I am not a fan of fasted training. I have said it before. I will say it again. If you are an endurance athlete and you want to perform at your best, you should eat before you train. Carbohydrates are fuel. Skipping them on purpose before a session is, in most cases, leaving performance on the table for no good reason.
And yet, this morning I went for a fasted run.
A friend messaged me and asked if I wanted to go for a run. It was early. I had not eaten. My usual approach would be to have breakfast first, wait an hour, and then head out. But the window was now. He was ready now. And I wanted to go.
So I did. No food. No pre-run carbs. No banana, no toast, no nothing. Just shoes and out the door.
Why It Was the Right Call
Here is the thing. Training is not just physiology. It is also psychology. And on that particular morning, the best thing I could do for my training was say yes to a run with a friend, even if it meant breaking one of my own rules.
Because the alternative was skipping it entirely. The alternative was waiting around for the perfect conditions and then maybe not going at all. The alternative was being so rigid with my approach that I missed the opportunity to just enjoy the sport.
That matters more than people think.
Performance Is Not Everything
Triathlon is a sport that attracts perfectionists. We love data, structure, optimisation, and control. And all of those things are useful - up to a point. But when your relationship with training becomes so tight that you cannot bend a rule without feeling like you have failed, something has gone wrong. This is one of the core principles I keep coming back to.
It is a privilege to be healthy enough to do this sport. It is a privilege to have a body that can swim, bike, and run. And sometimes the most productive thing you can do is loosen your grip on the plan and just enjoy the movement.
A fasted easy run is not going to derail your season. Missing a fun morning with a friend because you had not eaten your pre-run oats might not derail your season either - but it will slowly erode the thing that keeps you coming back in the first place.
Sport Psychology Matters as Much as Physiology
We spend a lot of time talking about zones, thresholds, periodisation, and recovery. And all of that is important. But the mental side of training is at least as powerful as the physical side, and it gets a fraction of the attention.

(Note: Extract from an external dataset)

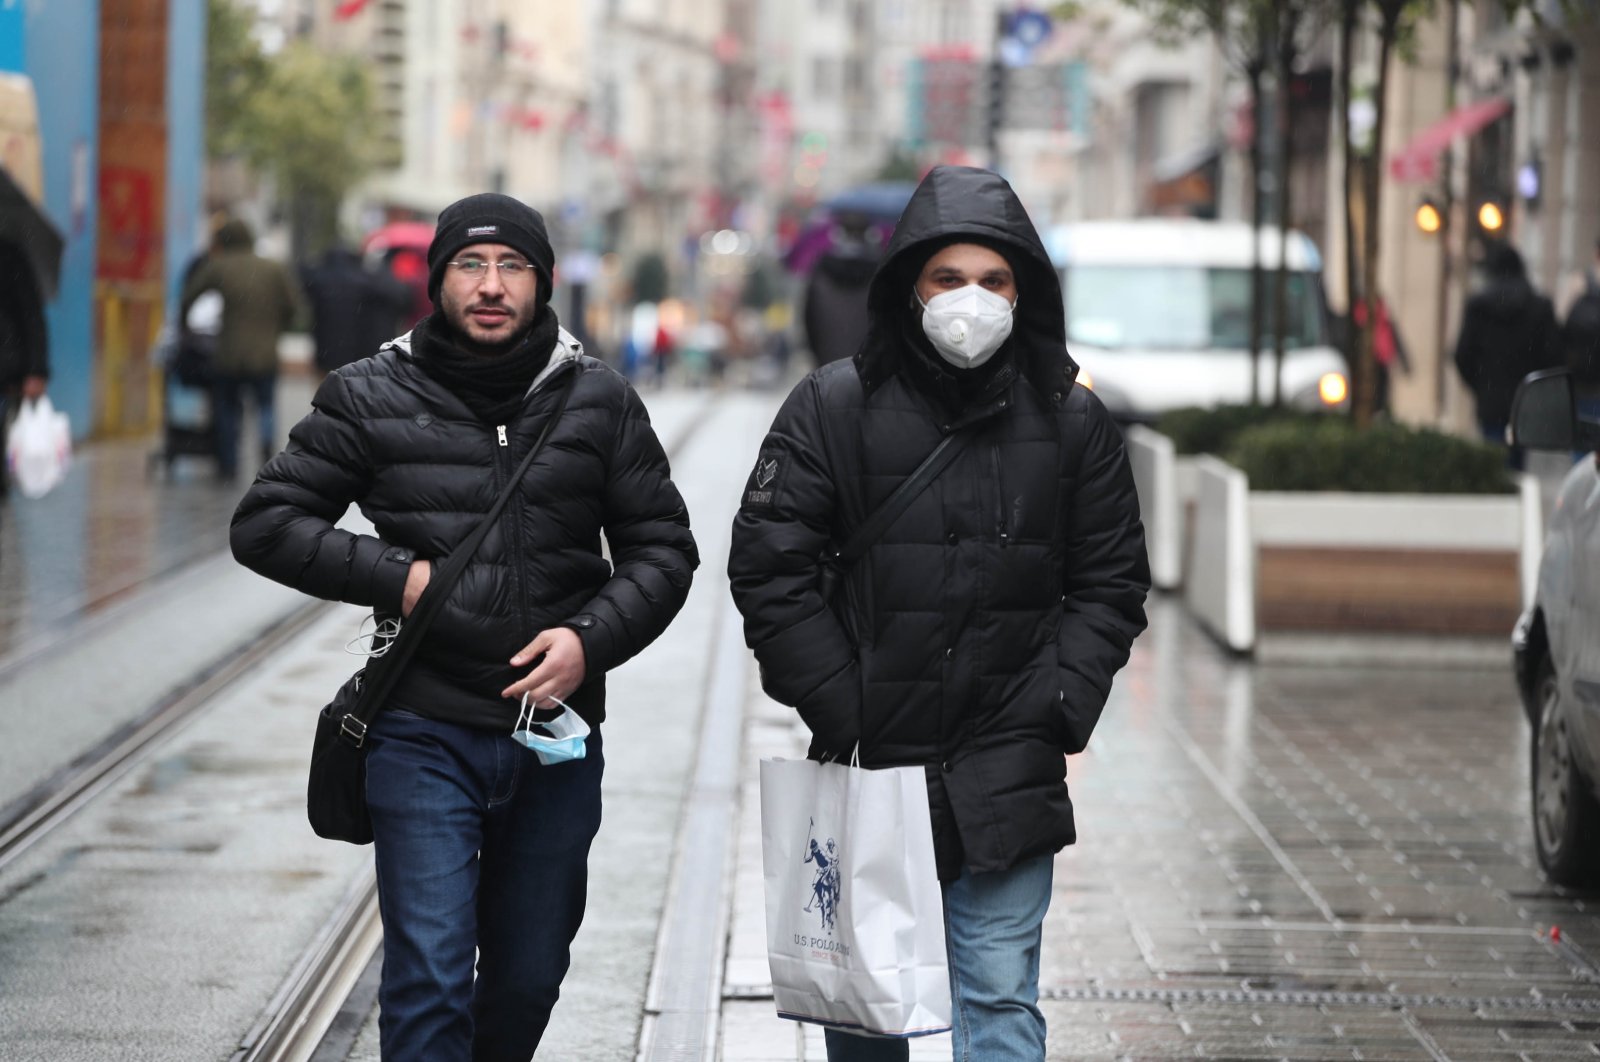 People with and without protective masks against COVID-19 walk on Istiklal Avenue, in Istanbul, Turkey, March 3, 2022. (DHA Photo)

Athletes who enjoy their training are more consistent. Athletes who are more consistent get better results. It is not complicated. If your training plan is technically perfect but you dread every session, something needs to change.
Joy is not a weakness. Fun is not a compromise. They are part of the process.
When to Break the Rules
This is not permission to throw your plan out the window every time something more fun comes along. Structure matters. Consistency matters. Following the process day after day is what builds fitness over months and years.
But there are moments where the right call is to break your own rule. When a friend invites you to ride. When your partner wants to run together. When the sun is out and you just want to move without looking at your watch. Just do not let Strava ruin the experience by turning every casual run into a competition.
Those moments are rare enough that they will not damage your training. And they are valuable enough that they might be the reason you are still doing this sport five years from now.
The best training plan in the world is useless if you stop enjoying the sport it is designed for.
So yes, I broke my own rule this morning. I went for a fasted run with a friend. It was slower than it would have been with fuel on board. It was not optimal. And it was exactly what I needed.
Loosen your relationship with training. Hold the plan firmly, but not so tightly that you cannot let go when it matters.